The `<sql>` tags make extraction trivial and reliable:


import re

def extract_sql(response_text: str) -> str:
    match = re.search(r"<sql>(.*?)</sql>", response_text, re.DOTALL)
    if not match:
        raise ValueError("LLM did not return SQL in expected format")
    return match.group(1).strip()

> SQL Validation Before Execution


Never execute LLM-generated SQL without validation. We use SQLAlchemy's text() with a dry-run explain:


def validate_sql(database_url: str, sql: str) -> None:
    engine = sqlalchemy.create_engine(database_url)
    with engine.connect() as conn:
        conn.execute(sqlalchemy.text(f"EXPLAIN {sql}"))

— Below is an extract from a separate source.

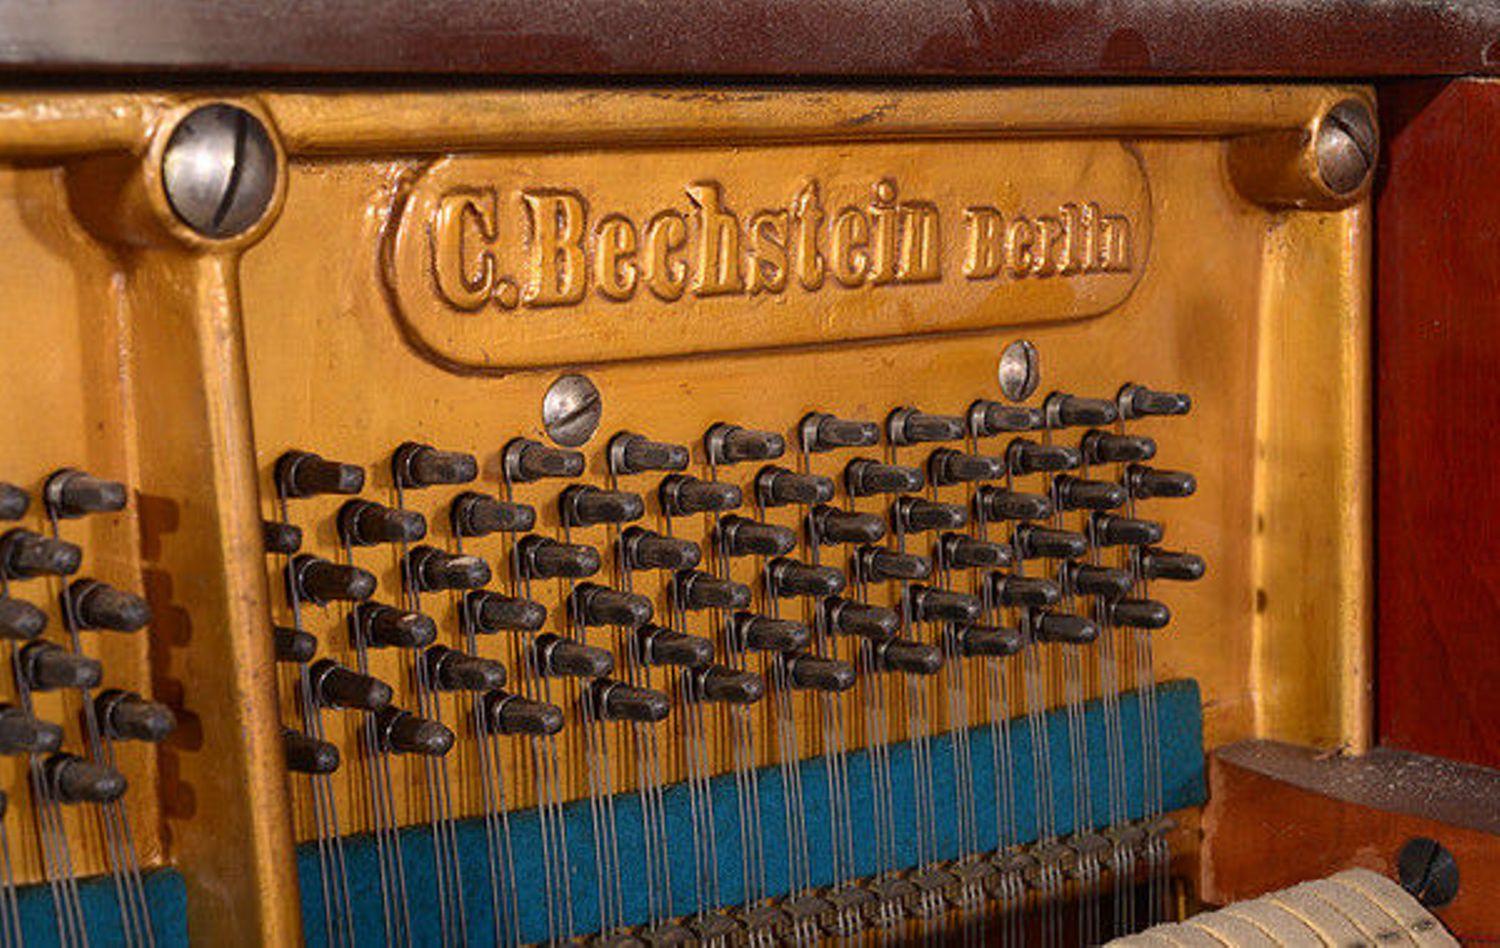 German Early 20th Century Upright Piano Manufactured by C. Bechstein For Sale

This catches hallucinated table names before they hit production data.


> Executing and Returning Results


def execute_sql(database_url: str, sql: str) -> list[dict]:
    validate_sql(database_url, sql)
    engine = sqlalchemy.create_engine(database_url)
    with engine.connect() as conn:
        result = conn.execute(sqlalchemy.text(sql))
        return [dict(row._mapping) for row in result.fetchall()]

> Results on a Sample Dataset


Testing TextQL on a 10-table e-commerce database with 50 natural language questions:


  • **Correct SQL generated**: 82%
  • **Schema hallucination rate**: 4% (down from 31% without schema injection)
  • **Average response time**: 1.1s (Gemini Flash)

The 18% failure cases were mostly ambiguous questions where even a human would need clarification.


> Lessons Learned


  1. **Schema injection is the single most impactful prompt technique** for text-to-SQL.
  2. **Structured output tags** (`<sql>`) are more reliable than asking the model to "only output SQL".
  3. **Always validate before executing** — an `EXPLAIN` is cheap; a bad query on production data is not.
  4. **Short, fast models often outperform larger ones** for well-structured prompts — Gemini Flash matched Flash 1.5 Pro on this task.

TextQL is open source under org45. Contributions welcome.